The performance gap between the expected and actual energy performance of buildings and elements has stimulated interest in in-situ measurements. Most research has employed quasi-static analysis methods that estimate heat loss metrics such as U-values, without taking advantage of the rich time series data that is often recorded. This paper presents a dynamic Bayesian-based method to estimate the thermophysical properties of building elements from in-situ measurements. The analysis includes Markov chain Monte Carlo (MCMC) estimation, priors, uncertainty analysis, and model comparison to select the most appropriate model. Data from two case study dwellings is used to illustrate model performance; U -value estimates from the dynamic and static methods are within error estimates, with the dynamic model generally requiring much shorter time series than the static model. The dynamic model produced robust results at all times of year, including when the average indoor-to-outdoor temperature difference was low, when external temperatures had large daily variation, and measurements were subjected to direct solar radiation. Further, the probability distributions of parameters may provide insights into the thermal performance of elements.
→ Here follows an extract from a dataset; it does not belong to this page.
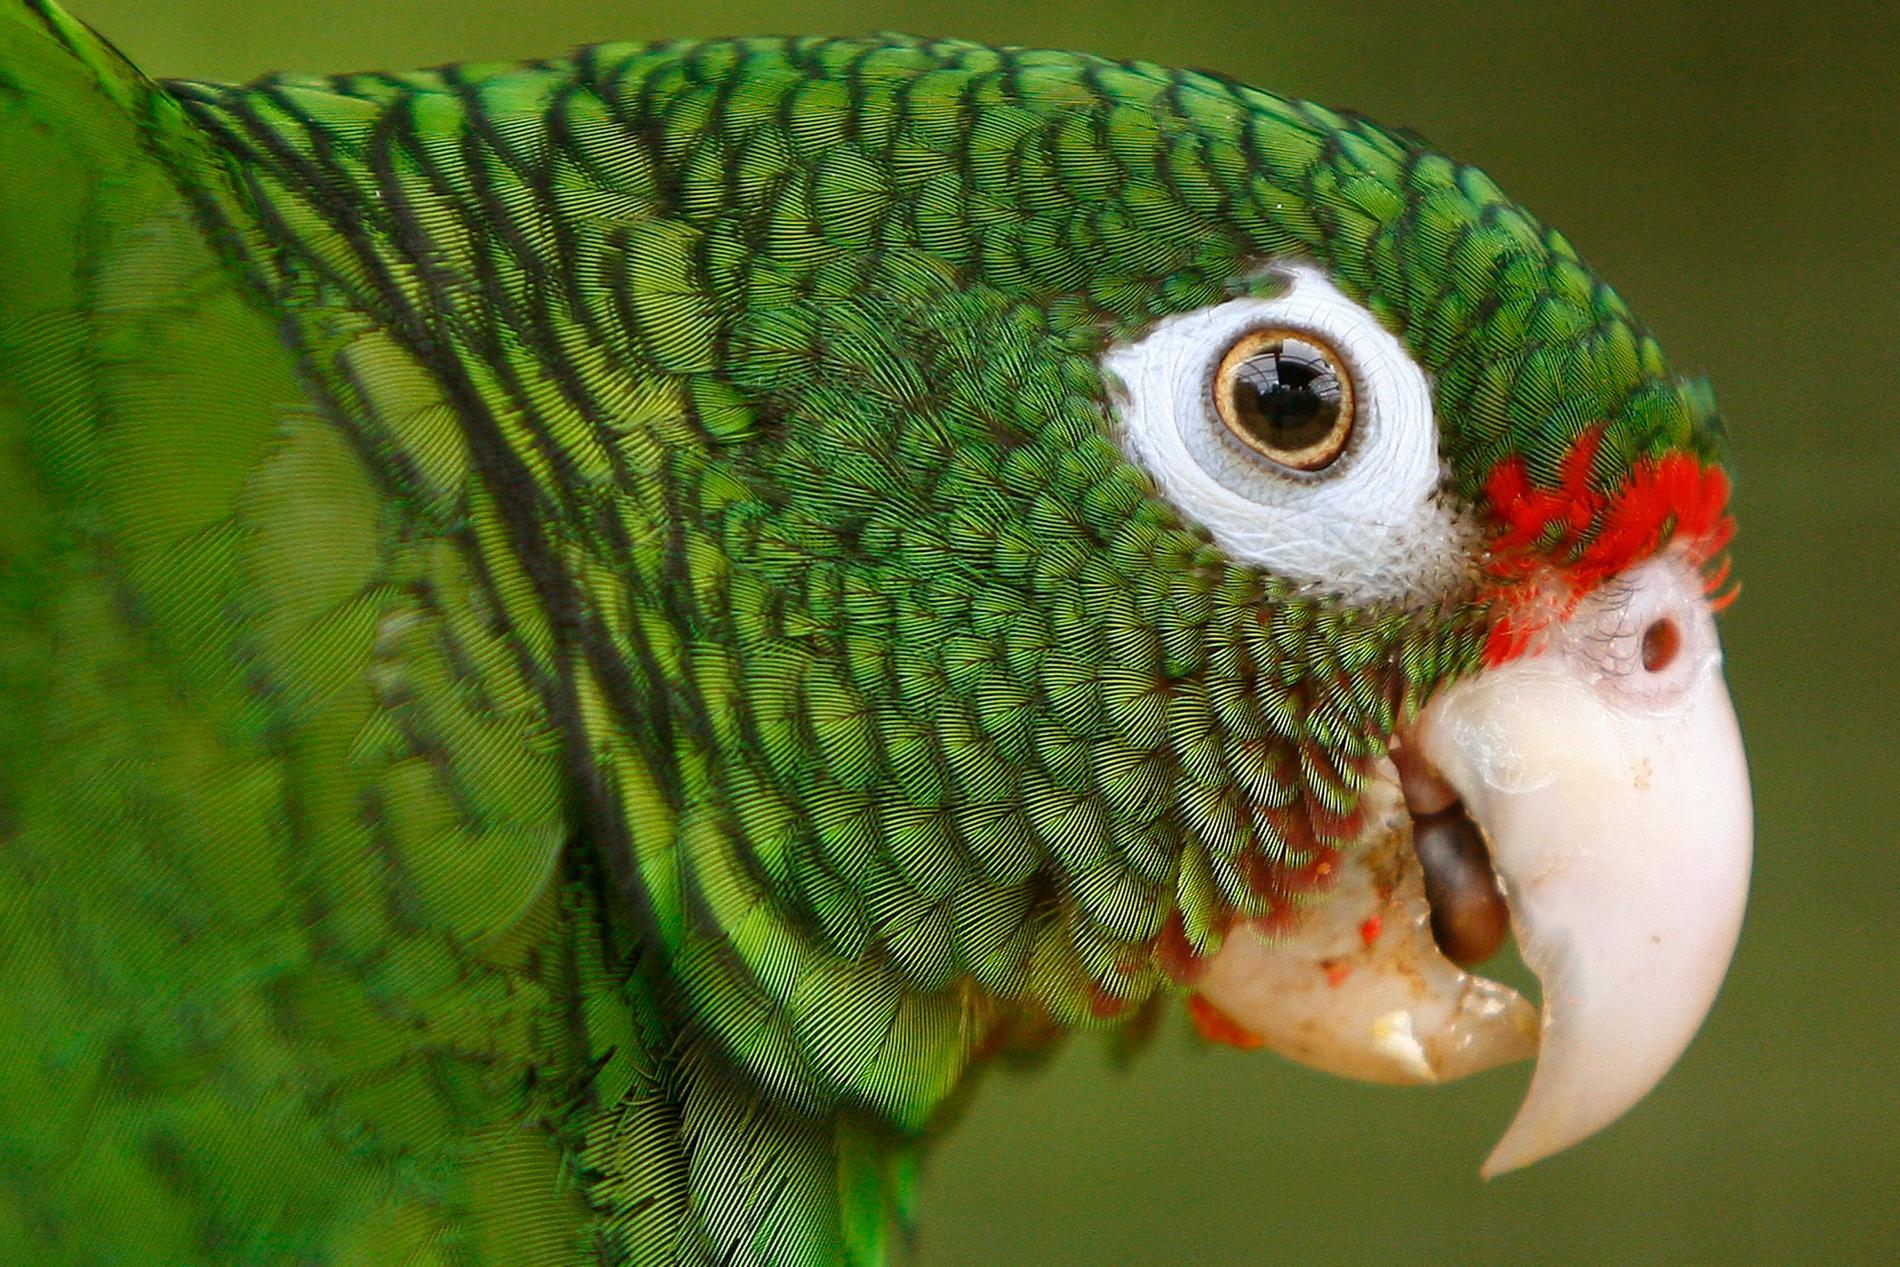 Gråpapegojorna på Lincolnshire Wildlife Park är fula i munnen. Papegojan på bilden är dock av en annan sort och har inget med svordomarna att göra. Arkivbild.

Dynamic methods such as that presented herein may enable wider characterisation of the performance of building elements as built, supporting work to reduce the performance gap.

Suggested Citation

  • Virginia Gori & Phillip Biddulph & Clifford A. Elwell, 2018. "A Bayesian Dynamic Method to Estimate the Thermophysical Properties of Building Elements in All Seasons, Orientations and with Reduced Error," Energies, MDPI, vol. 11(4), pages 1-27, March.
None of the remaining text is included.